**DATA SEGMENT**
= = = = =

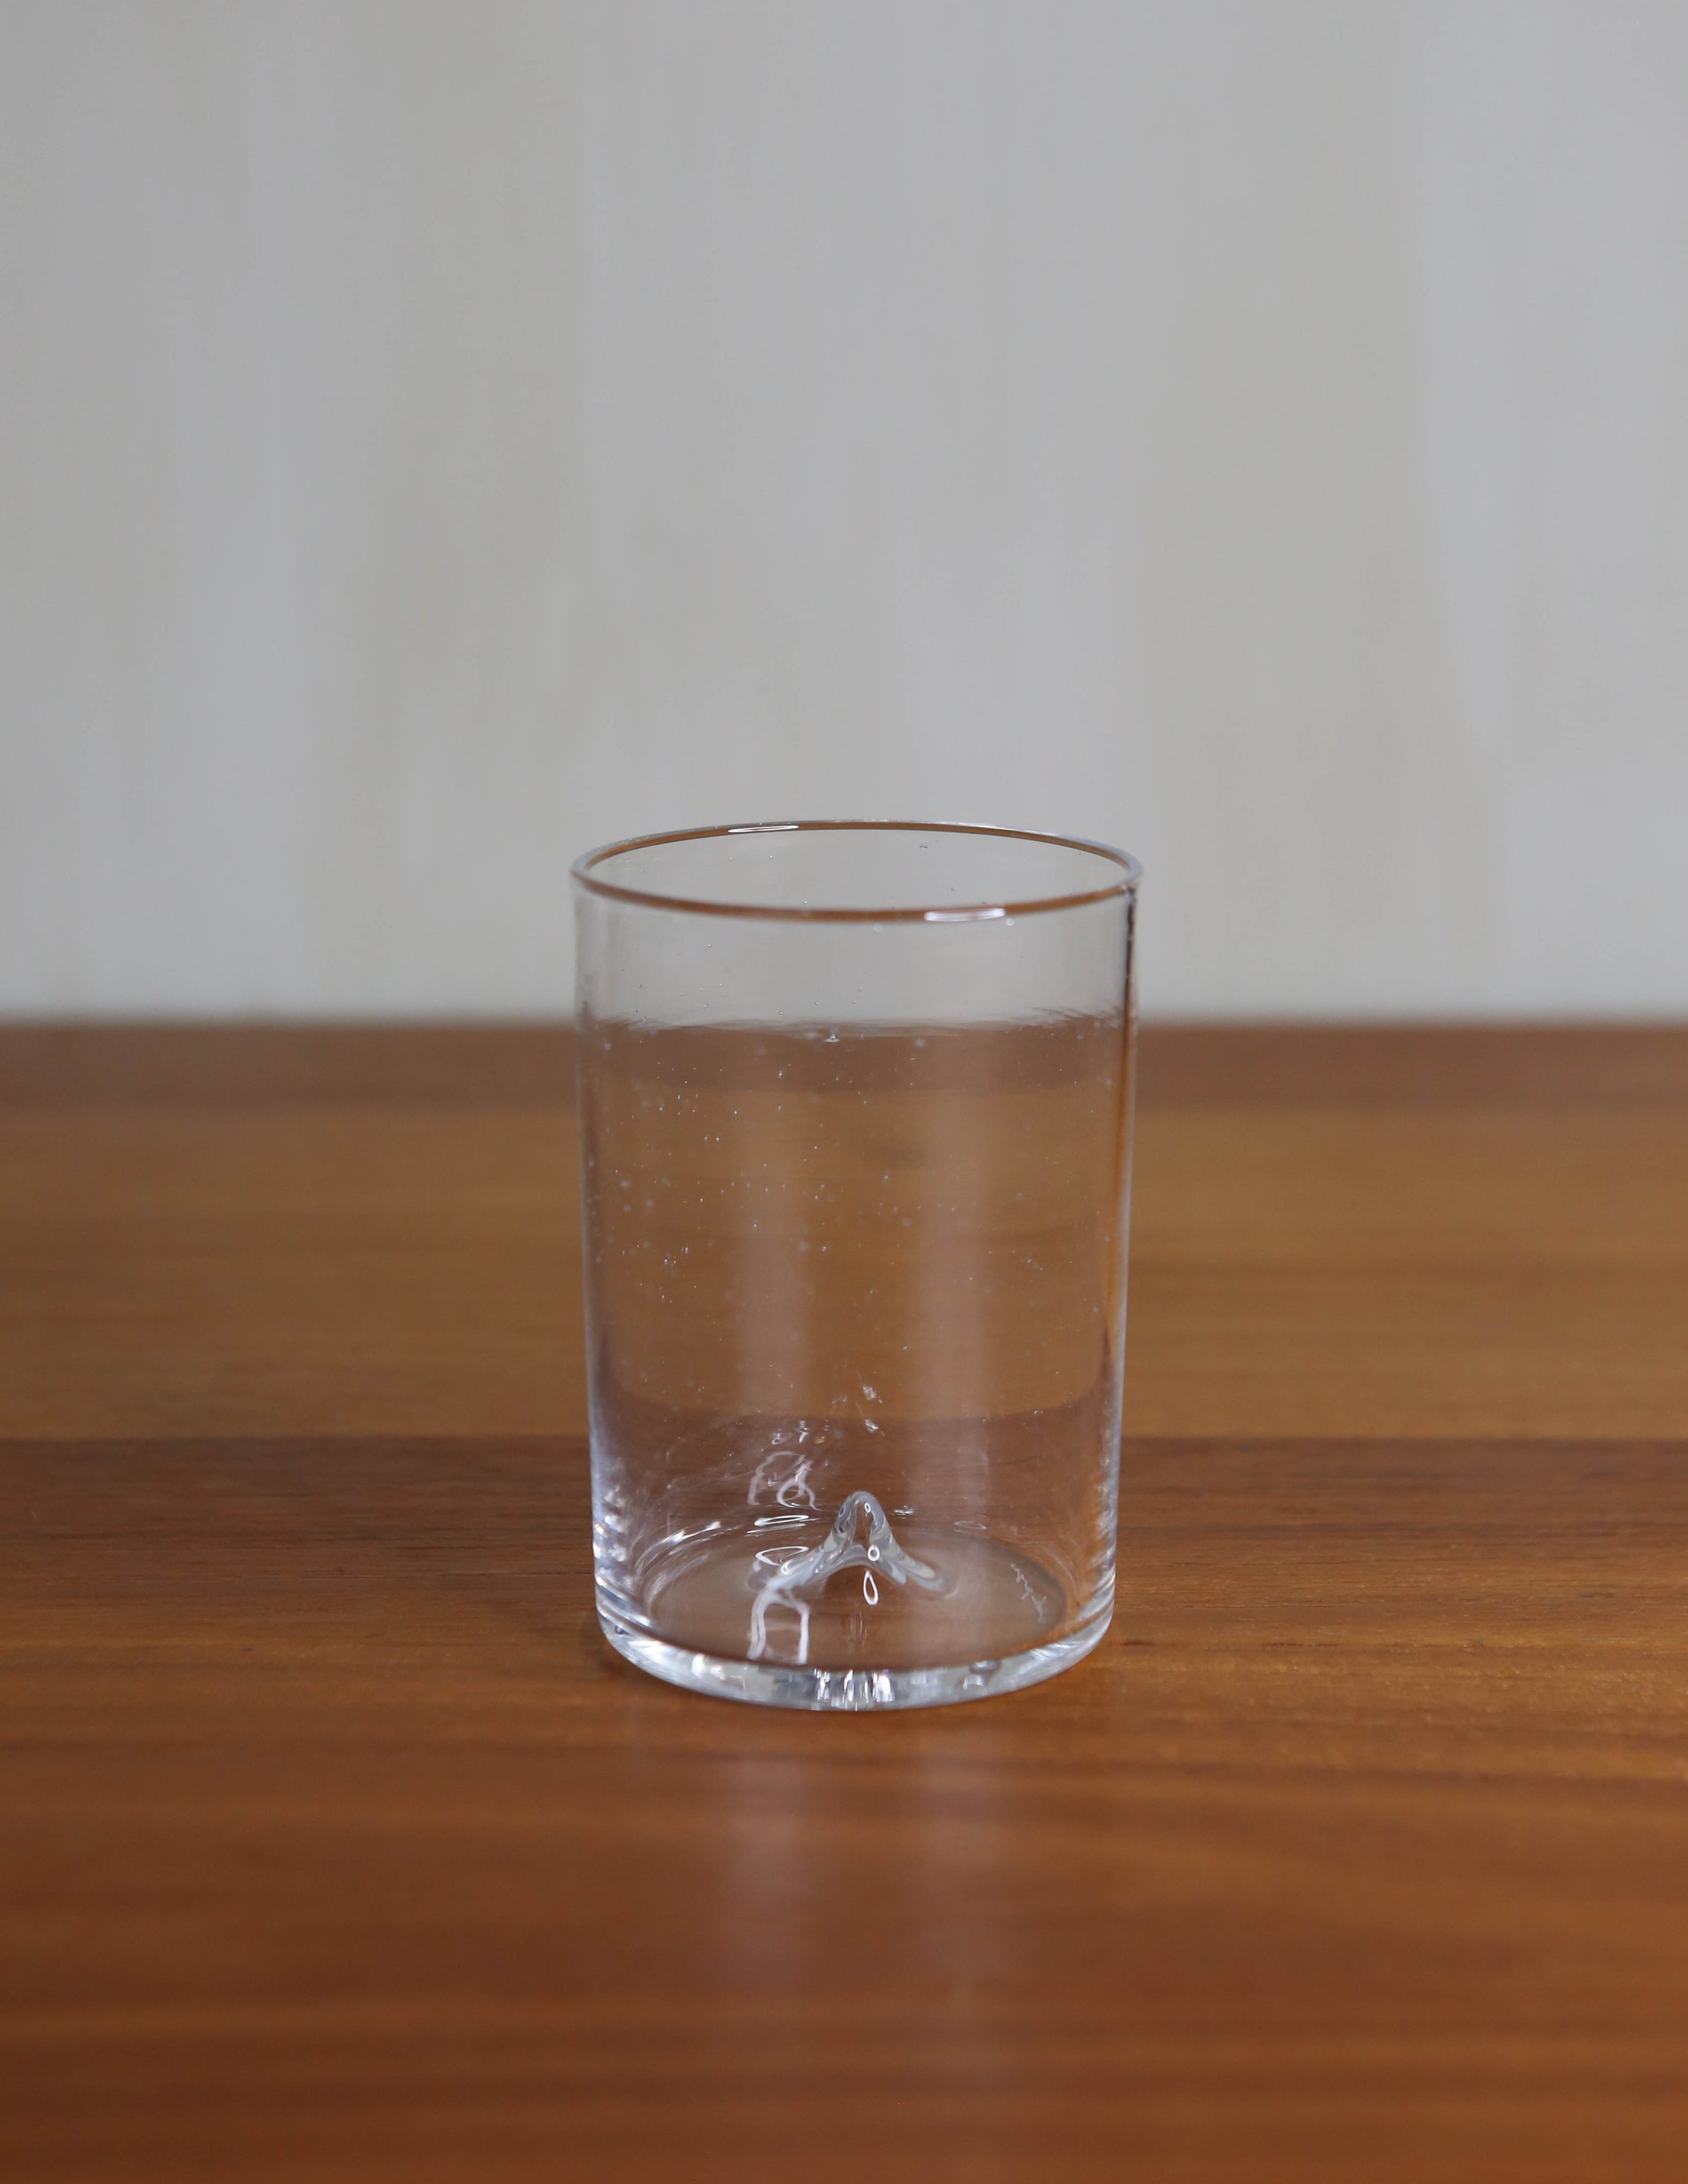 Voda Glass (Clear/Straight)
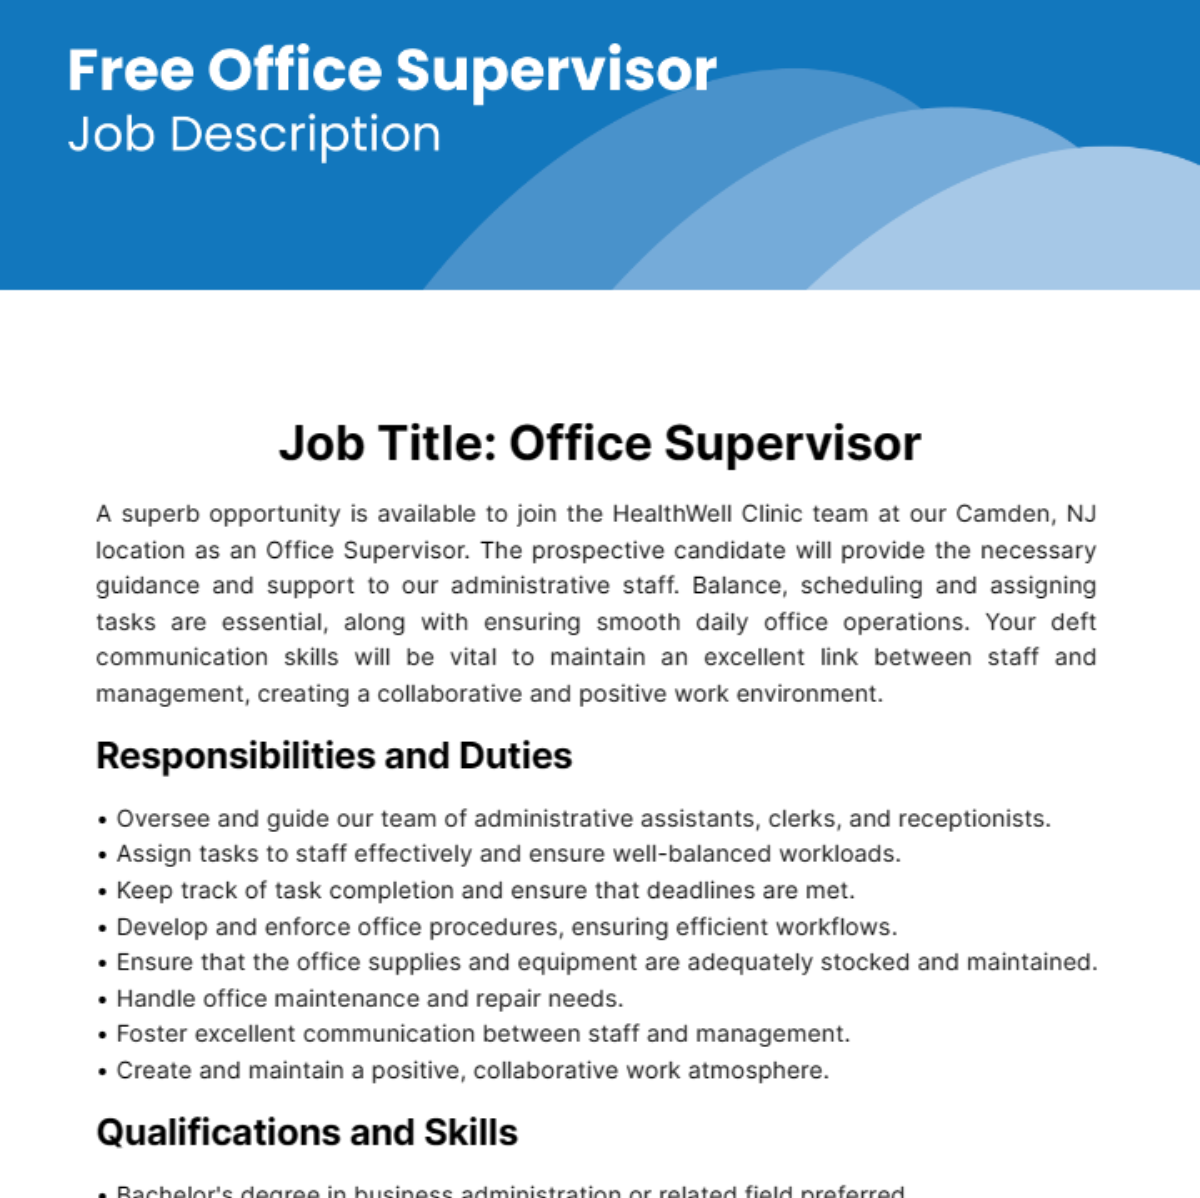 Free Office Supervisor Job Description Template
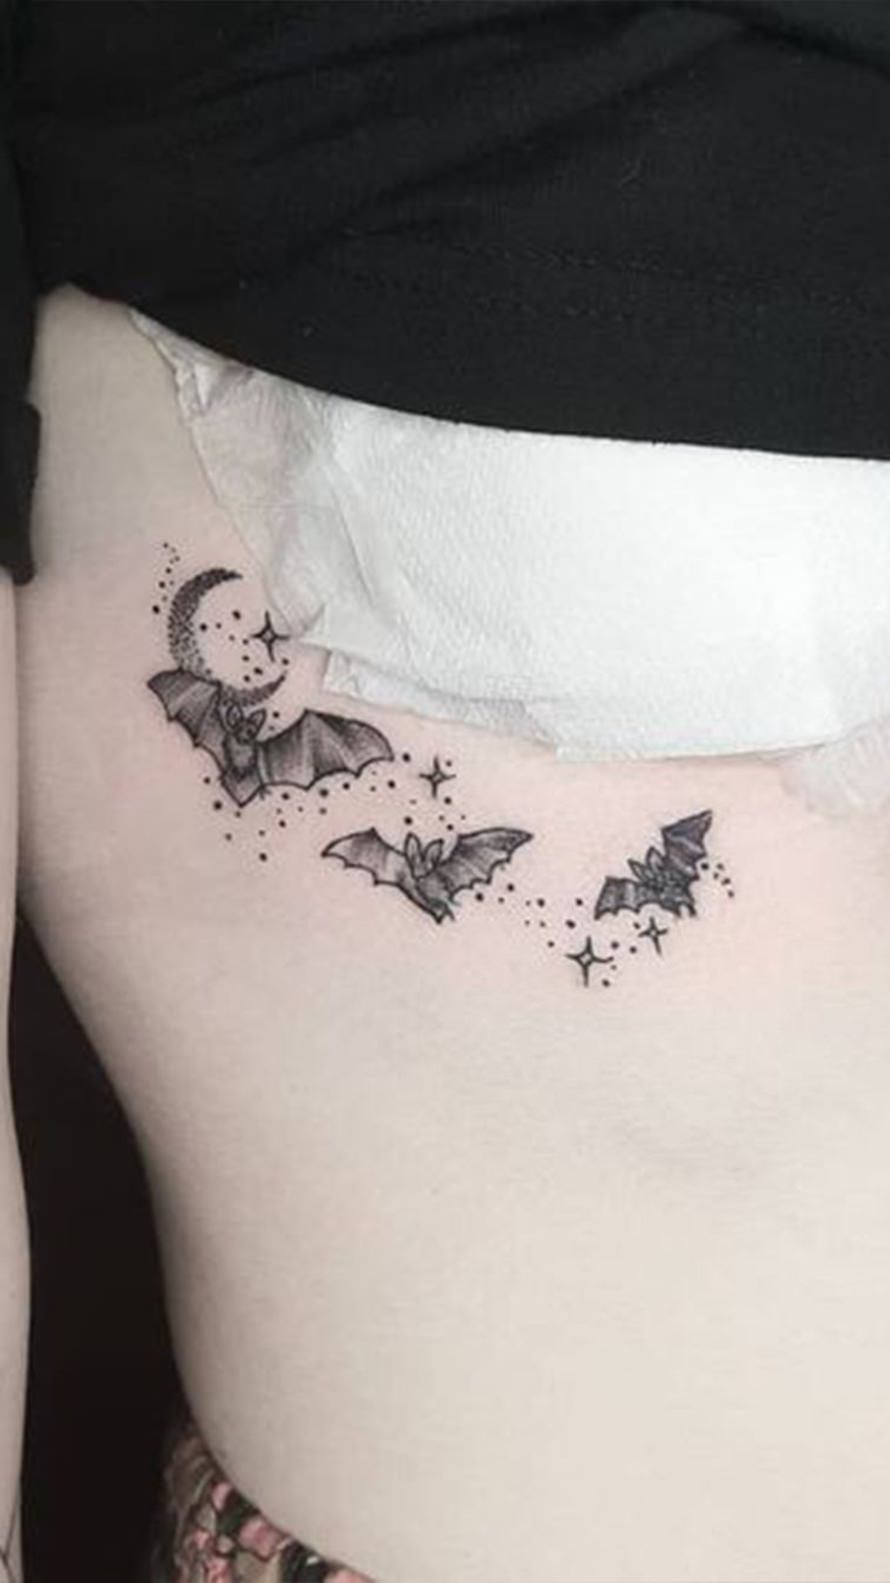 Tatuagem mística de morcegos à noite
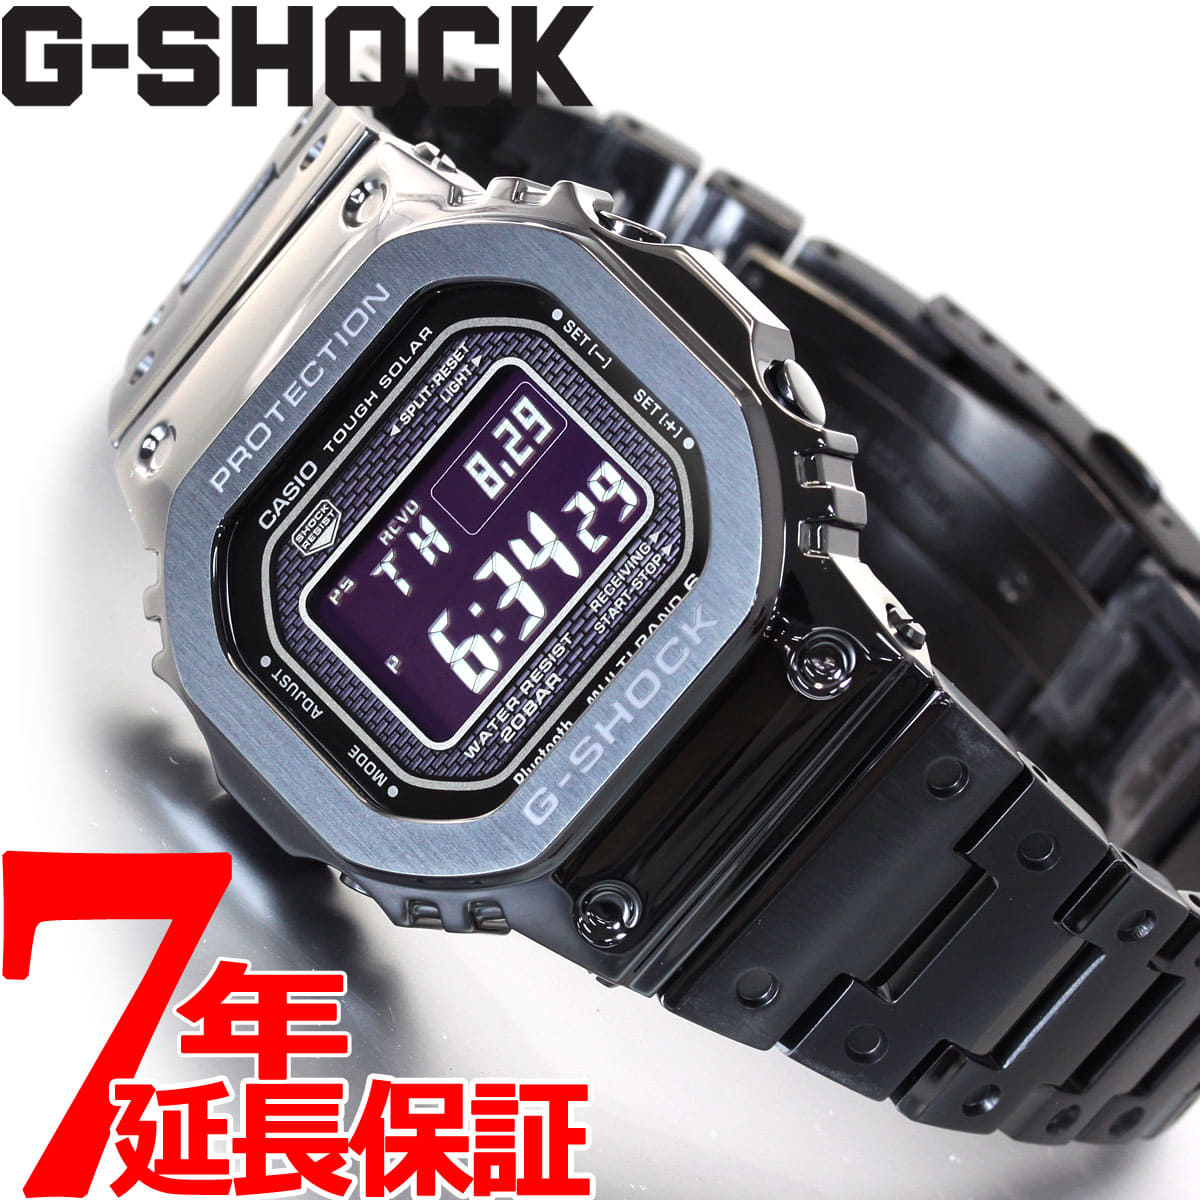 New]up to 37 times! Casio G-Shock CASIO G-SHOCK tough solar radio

= = = = =

**WHAT IS NEEDED**
Your task is to repeat only the lines from the line containing "Tatuagem mística de morcegos à noite" through the final line of the material, inclusive; do not include pictures.

**RESULT**
 Tatuagem mística de morcegos à noite
 New]up to 37 times! Casio G-Shock CASIO G-SHOCK tough solar radio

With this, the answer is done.